Introduction

Gymnanthes Sw. (Euphorbiaceae) is a pantropical genus that is most common in dry tropical regions of South America, but also has a few species in wet tropical areas in the Neotropics and Palaeotropics, with many of them local and rare. Originally restricted to a few Neotropical species (Pax & Hoffmann 1912), the genus has recently been expanded to include species formerly classified in Sebastiania Spreng. (Esser 2001; Esser & al. 2010), and currently includes c. 45 known species (Esser 2001; Webster 2014).
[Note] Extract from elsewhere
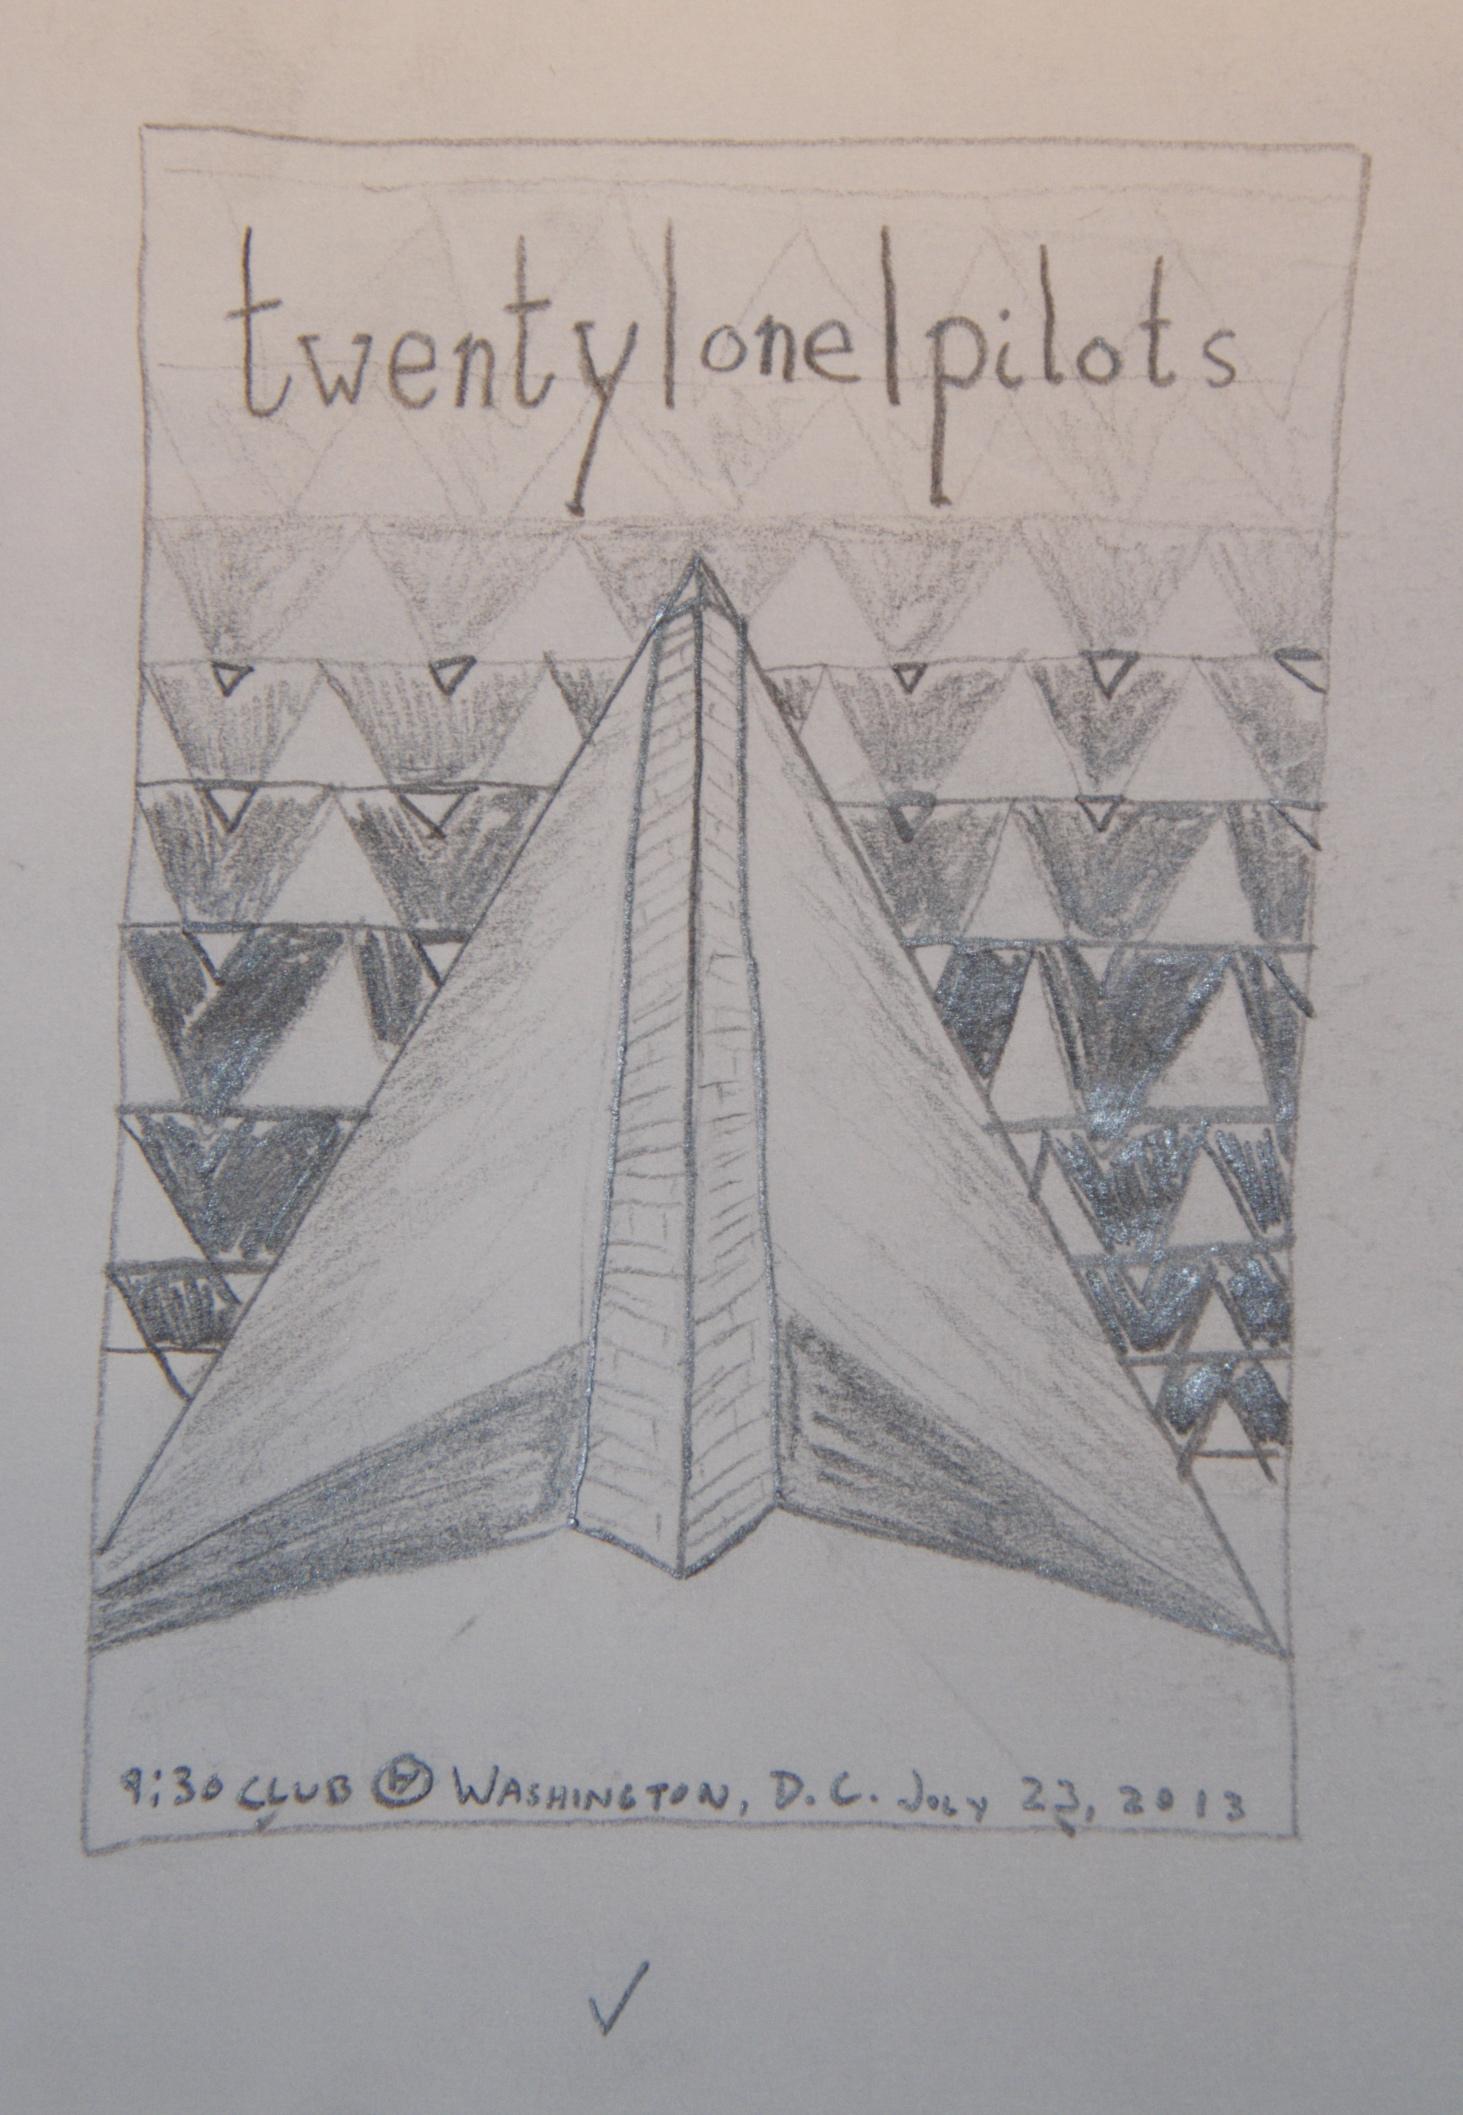 twenty | one | pilots - image 8 - student project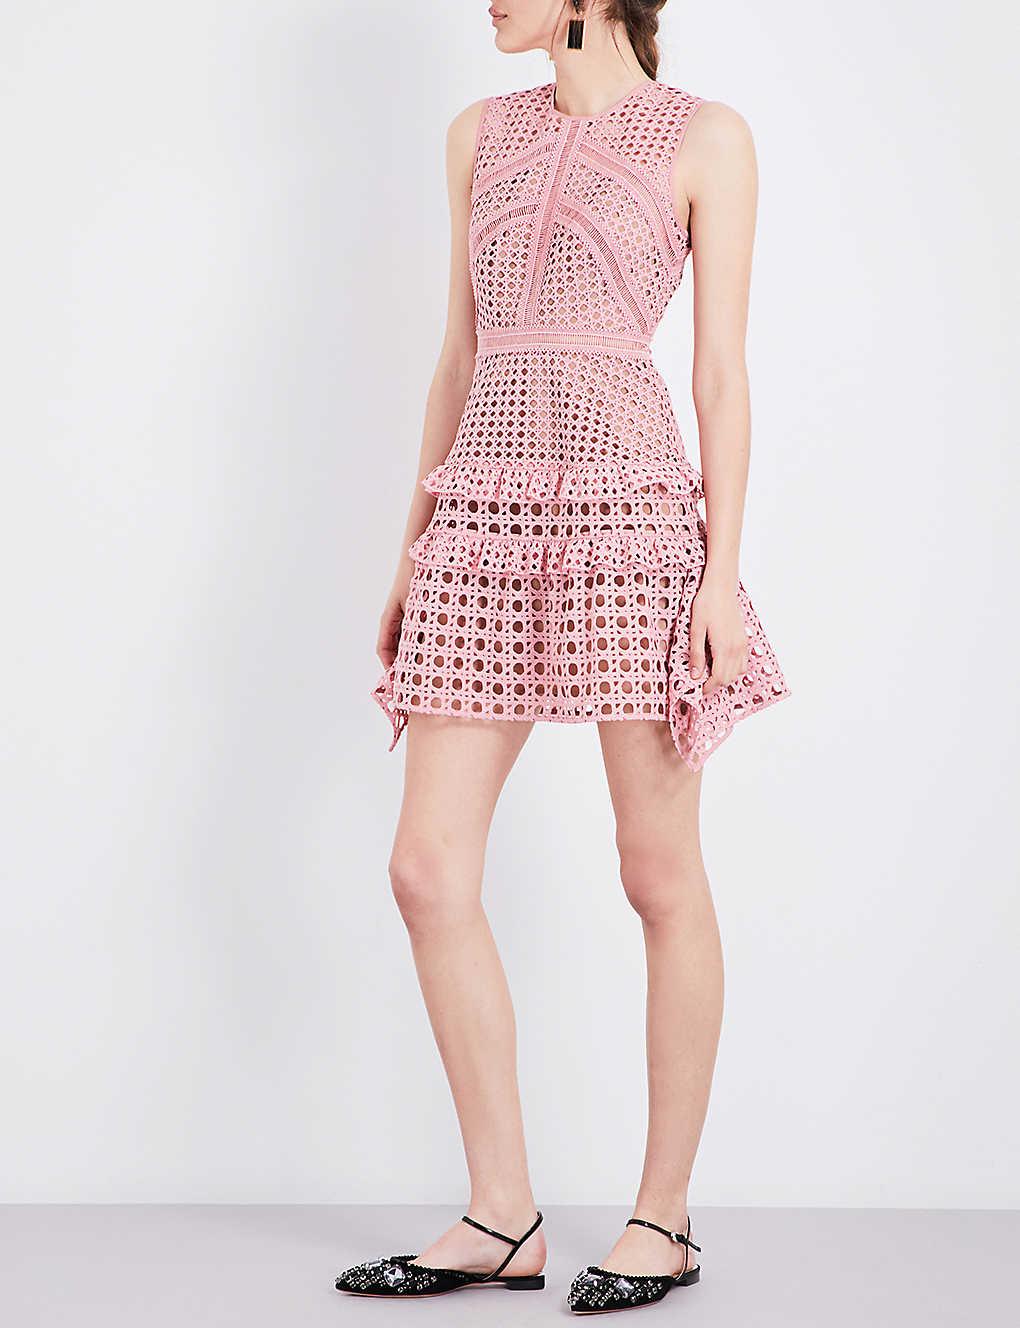 Christmas dress attire for age 57 - Self Portrait Frilled Lace Mini Dress

In the course of ongoing taxonomic studies, two new species were found and are described here. In addition, a lectotype and new synonyms are contributed for species from Venezuela.

New species

Gymnanthes hirsuta Esser, sp. nov. — Fig. 1, 2.

Holotype: Colombia, Valle, Mun. Roldanillo, Hacienda Churimal, km 68 carretera Panorama (desde glorieta de Riofrío), 04°22′09″N, 76°09′34″W, 975 m, fl., fr., 28 Mar 2009, P. Silverstone-Sopkin, M. E. Cardona & H. Sanint 10941 (CUVC 045050 image!; isotypes: COL, CUVC!, M 0243798!).

Diagnosis — This new species is unique in the genus because of the densely hirsute indumentum (0.5–0.6 mm long) of the branches, abaxial surface of the leaves, female flowers and fruits.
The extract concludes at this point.